Jack London's "Call of the Wild" is a book I remember; I read it near the same time was read The Red Badge of Courage and all the Marguerite Henry books I could find. It was one of the books available to me, so I read it and enjoyed it. Reading it again, I can see why some people might think it inappropriate for middle-school children, but it still seems like a reasonable choice to me.

"Call of the Wild" is a good choice, actually. London has a strong, brisk prose style, tells an entertaining story, and has a protagonist that almost everyone can relate to equally: a dog. London's prose provides an excellent example for older children, in that it simply and clearly conveys information. It is always, when not used in dialogue, "proper," yet it is not obtusely complex--and it is compelling. Part of the work's compellingness is, however, due to the adventures Buck, our dognapped hero, encounters on his way toward realizing his true nature.
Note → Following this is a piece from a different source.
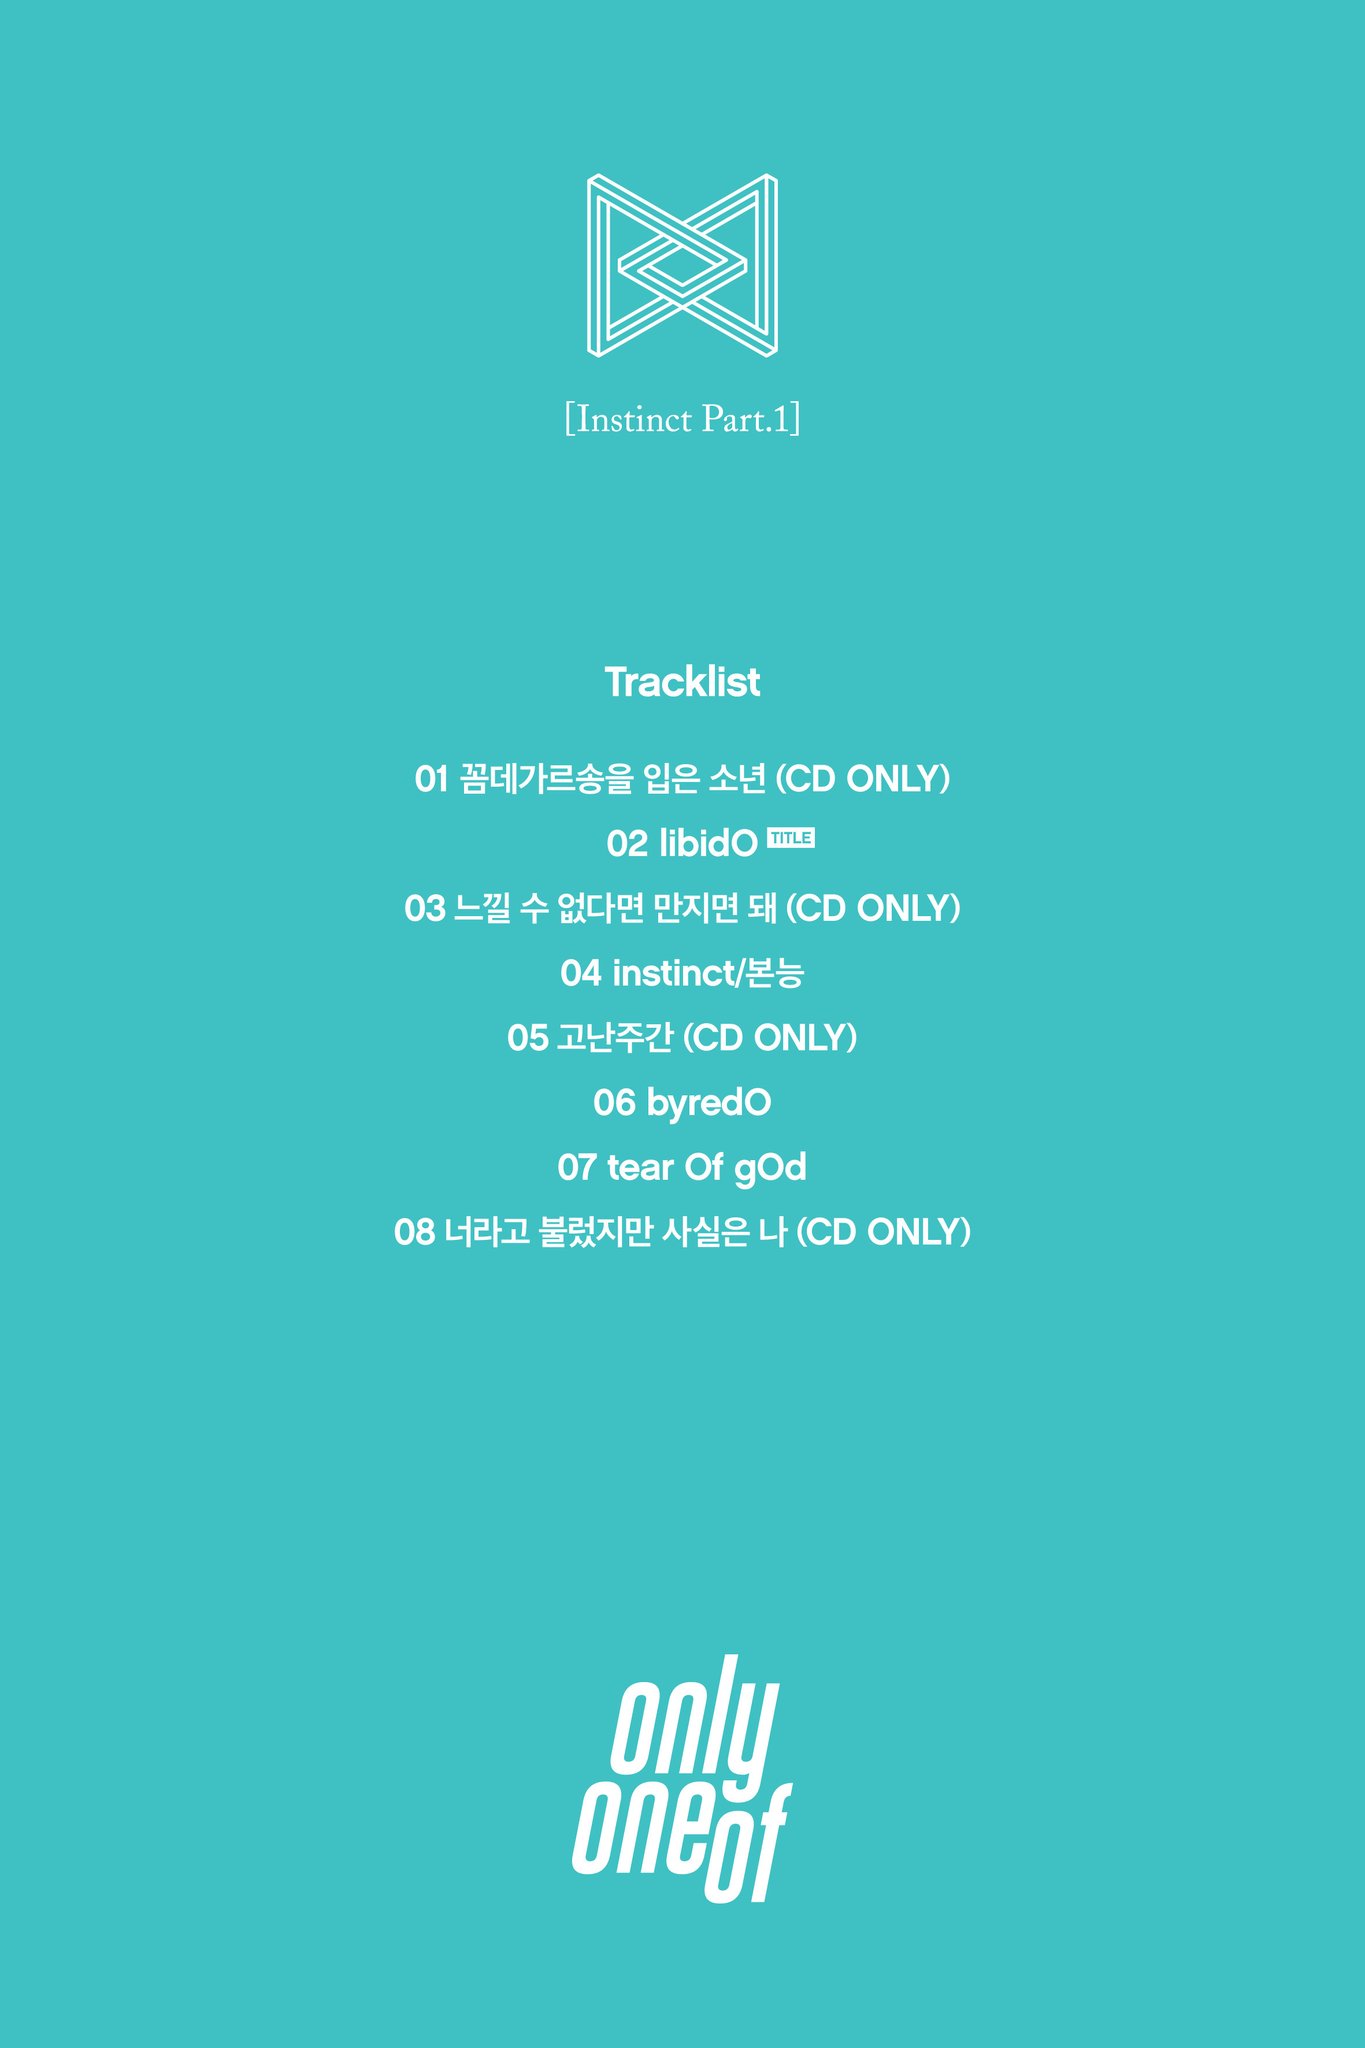 [정보/소식] OnlyOneOf (온리원오브) [InstinctPart.1] Tracklist (트랙리스트) | 인스티즈

The story is straight-forward and well paced; the book is short; the hero wins in the end. What more does a young reader want?

I understand that some people might think that impressionable young people ought not read anything which shows theft, cruelty to animals, or gambling going unpunished. And they may be right. I don't think, on the other hand, that a bit of historical accuracy in a novel will much influence the attitudes of today's media-savvy youth. If the crimes of "Call of the Wild" are going to corrupt our children, they will have to take a number.

I agree that the physical exploitation and abuse of animals rampant in this story is reprehensible, but it happened. Trying to hide that is foolish; that is simply a historical period. Better, is it not, to let children be appalled by it themselves, so they can see how awful it was and thus learn not to do such things.

The greed which pervades "Call of the Wild", on the other hand, is harder to justify. Not only does the book begin with Buck's being stolen into slavery for easy money, but it closes with him establishing territory around a cache of lost gold. Allowing this to go without comment reinforces the robber-barronistic tendencies the book portrays and lets children think of these attitudes as correct, since they are still being exposed, rather than realizing that they are what led to Buck's whole problem.

Still, people all, eventually, encounter greed. That it underpins a story is really not a good reason for not reading that story. Again, the book offers a closed environment for encountering the subject, and an opportunity to discuss it in a specific context. I see these problems, consequently, as good, as items counting in the book's favor for young readers.